(Work required) The range runs from the line containing "We're just Annoying" to the last line of the entries. Restate those lines word for word, without the pictures.

Items from a dataset
Segment Open

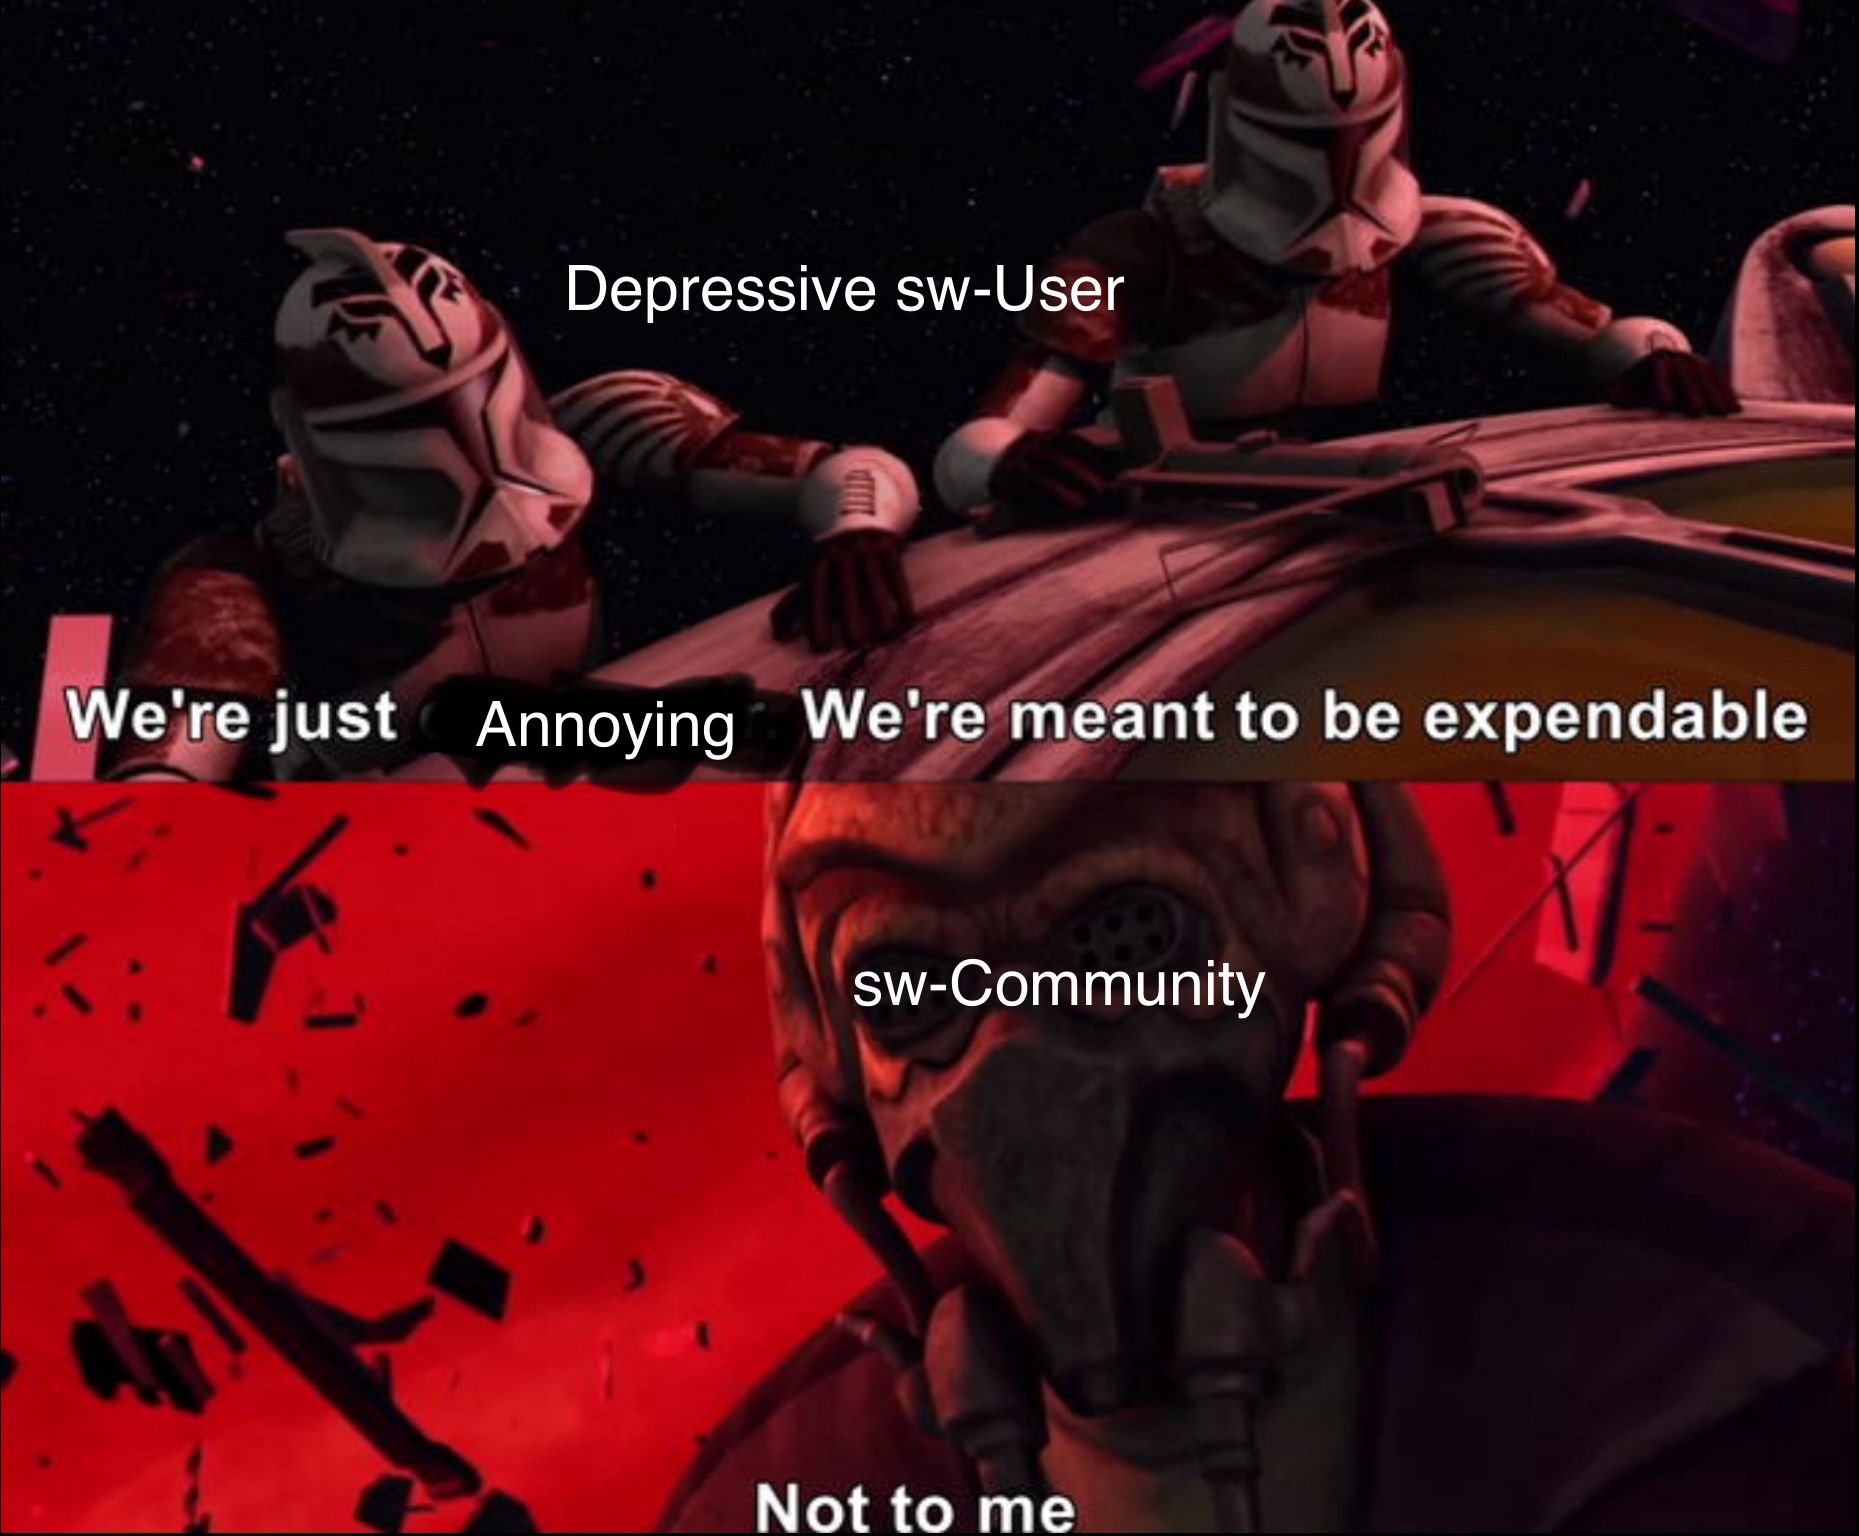 Depressive sw-User
We're just Annoying We're meant to be expendable
sw-Community
Not to me
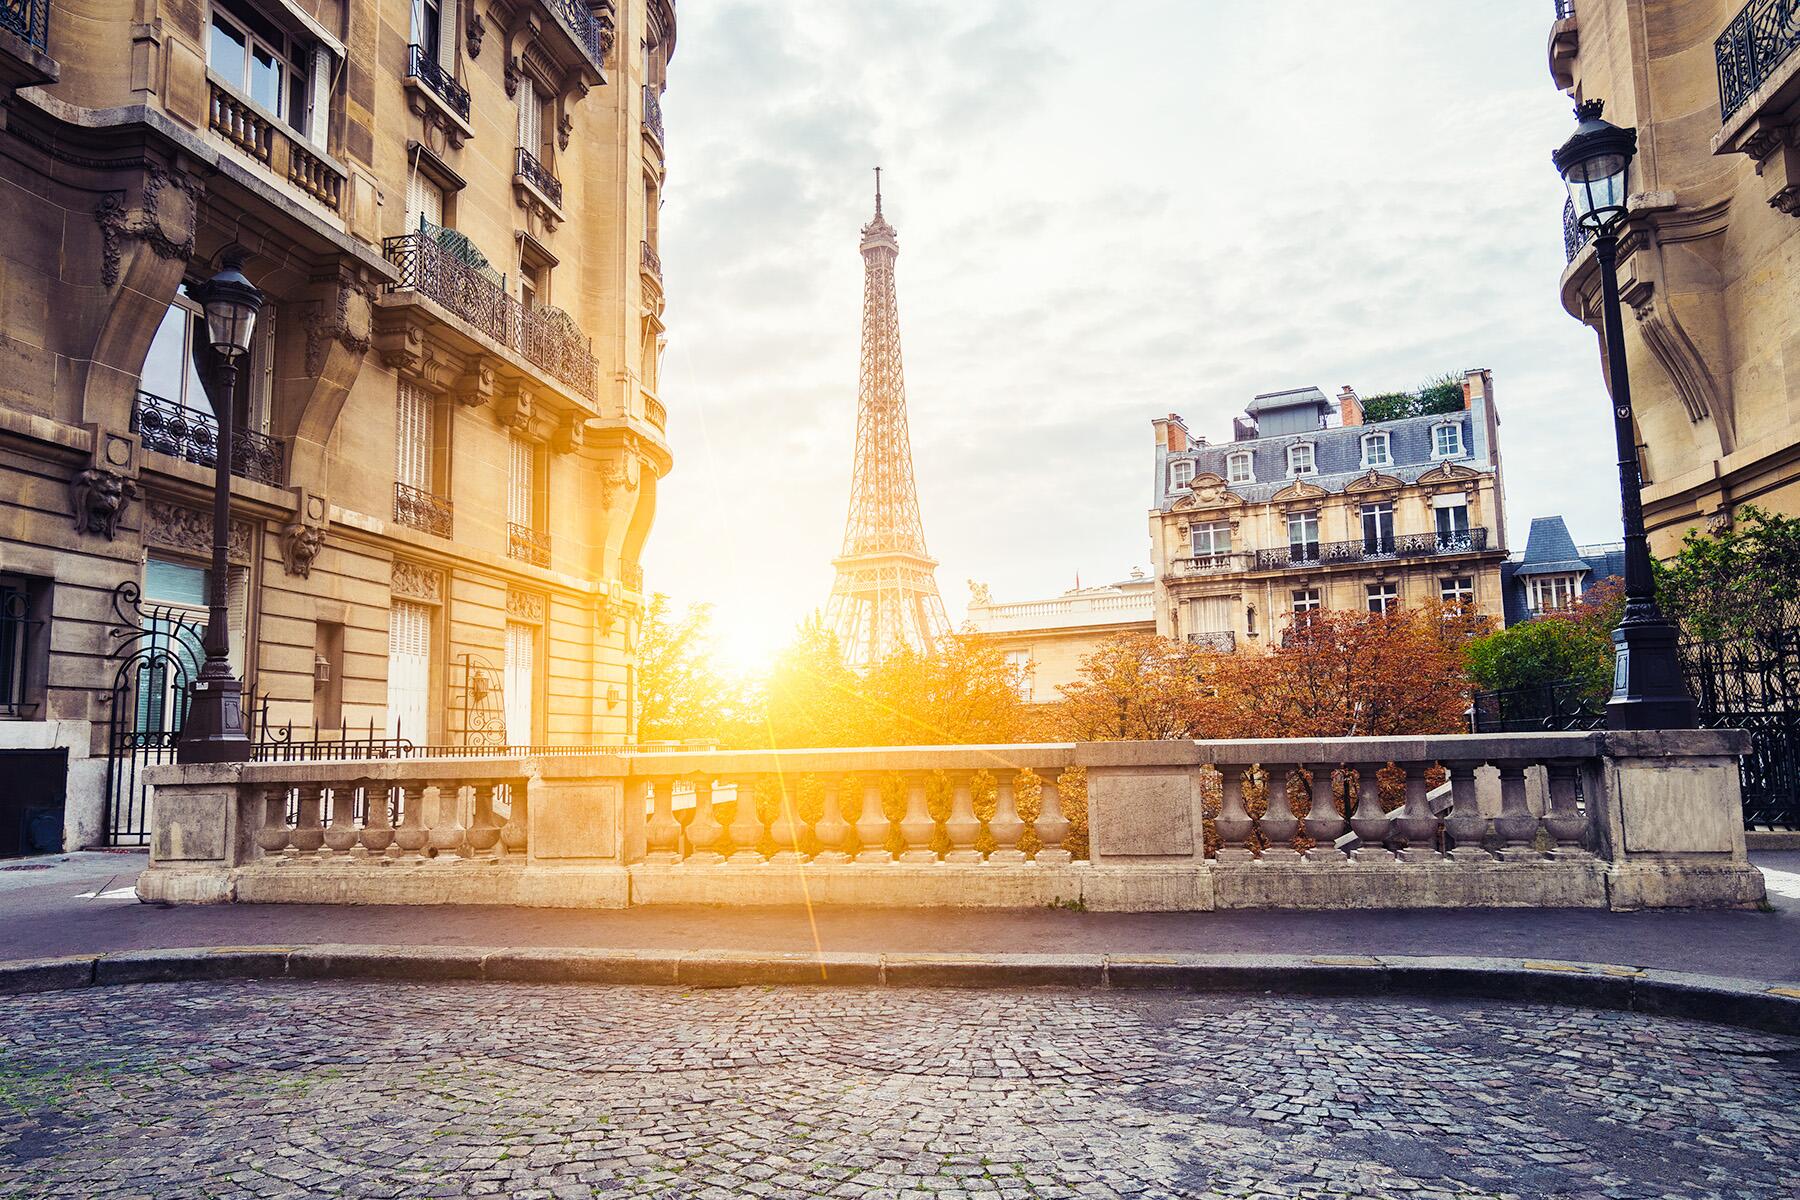 Where to Get the Best View of the Eiffel Tower - Midlife Globetrotter
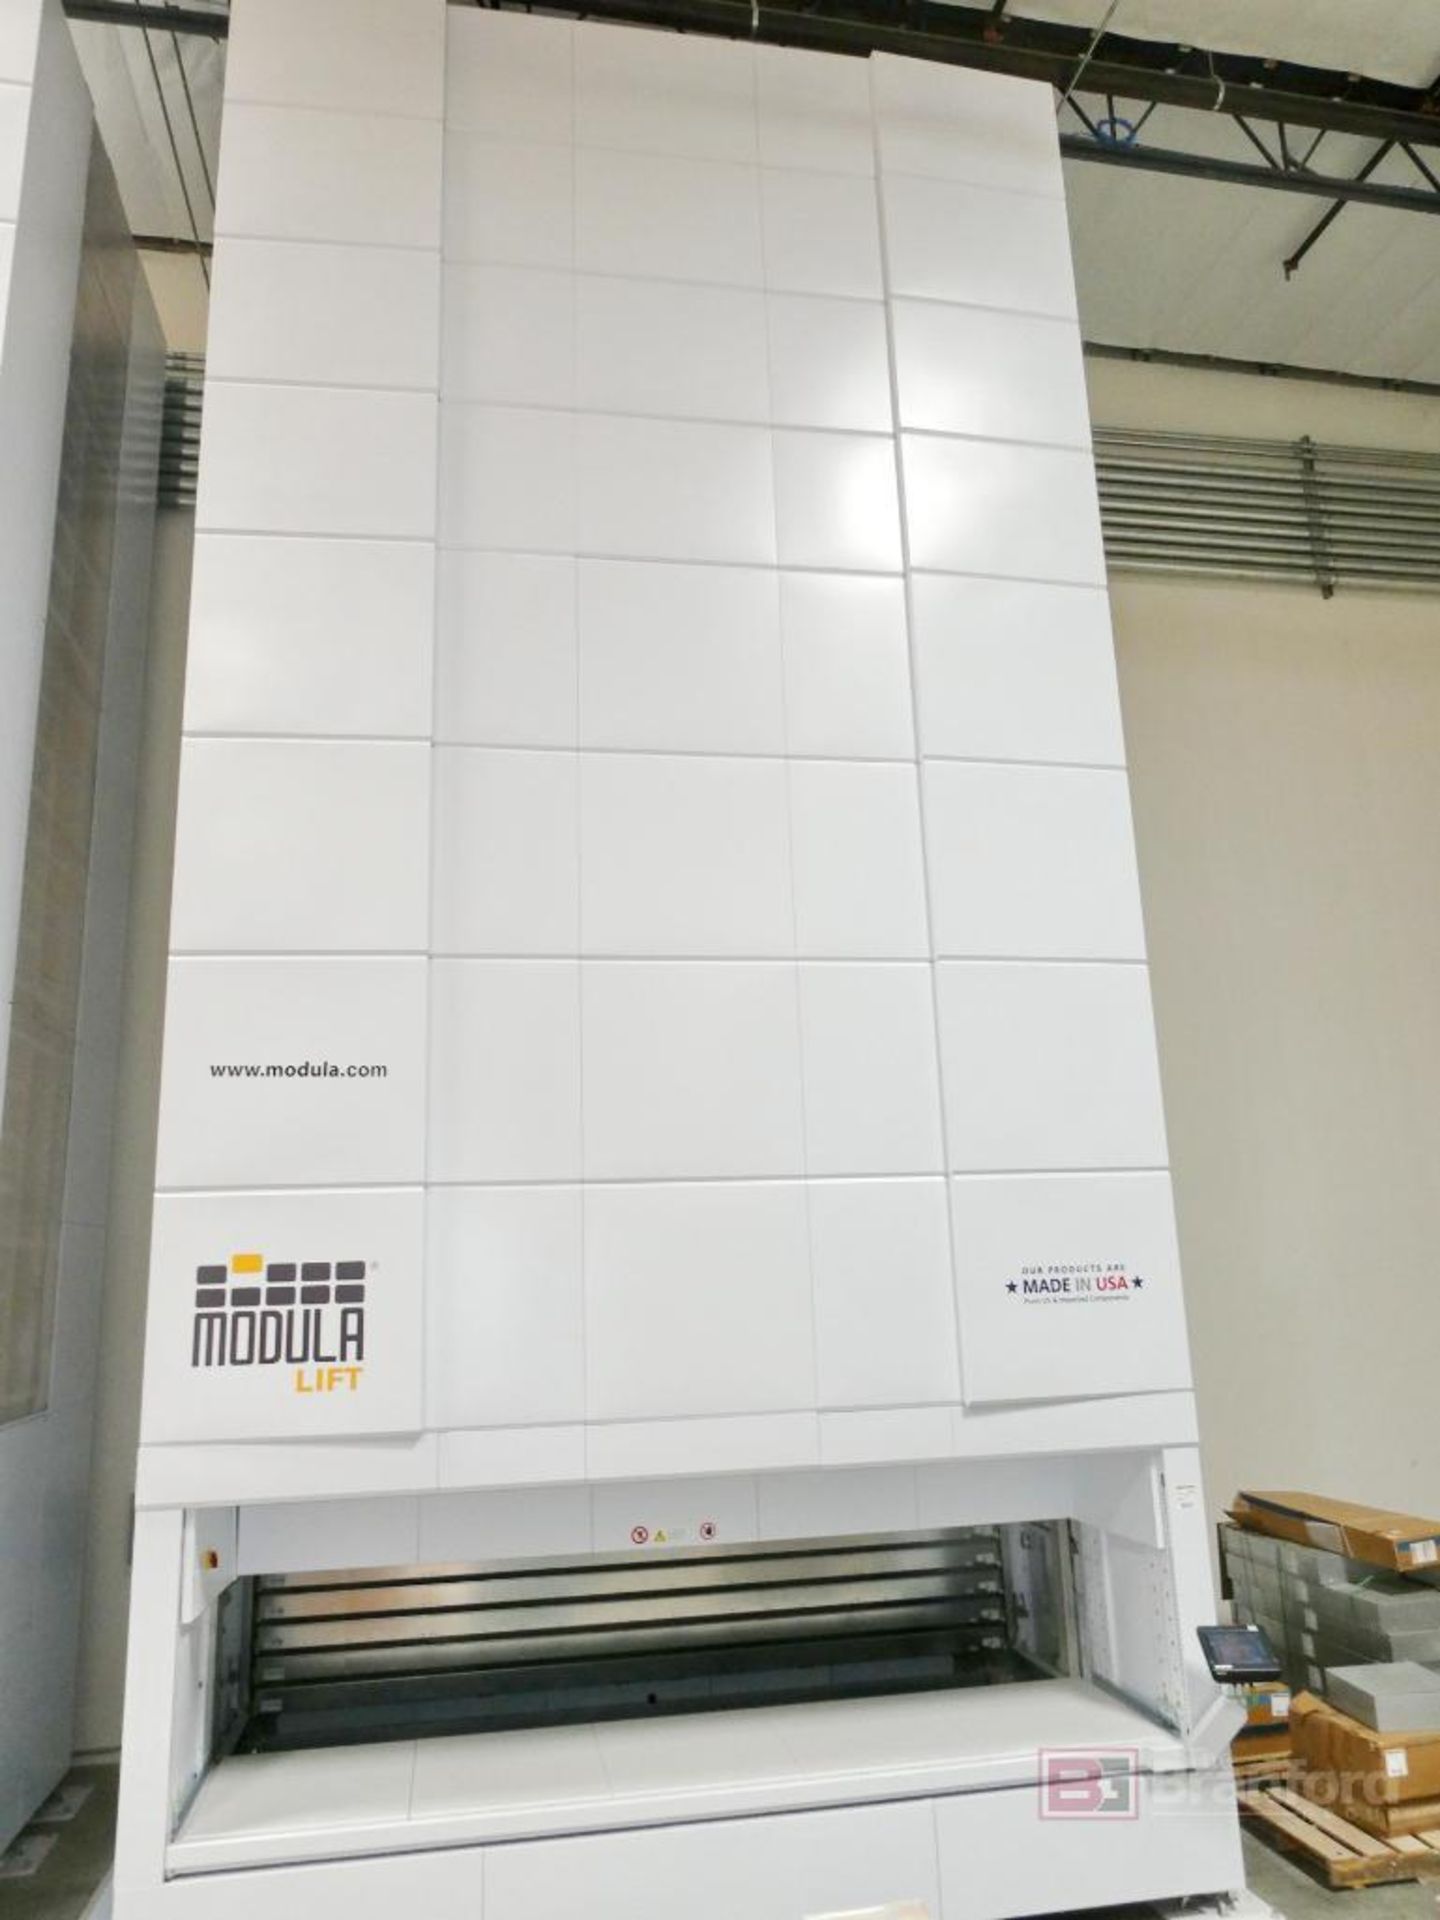 2021 Modula Lift Model ML50D, Automated Vertical Carousel Storage System

Segment Closed

(Output for this exercise)
We're just Annoying We're meant to be expendable
sw-Community
Not to me
 Where to Get the Best View of the Eiffel Tower - Midlife Globetrotter
 2021 Modula Lift Model ML50D, Automated Vertical Carousel Storage System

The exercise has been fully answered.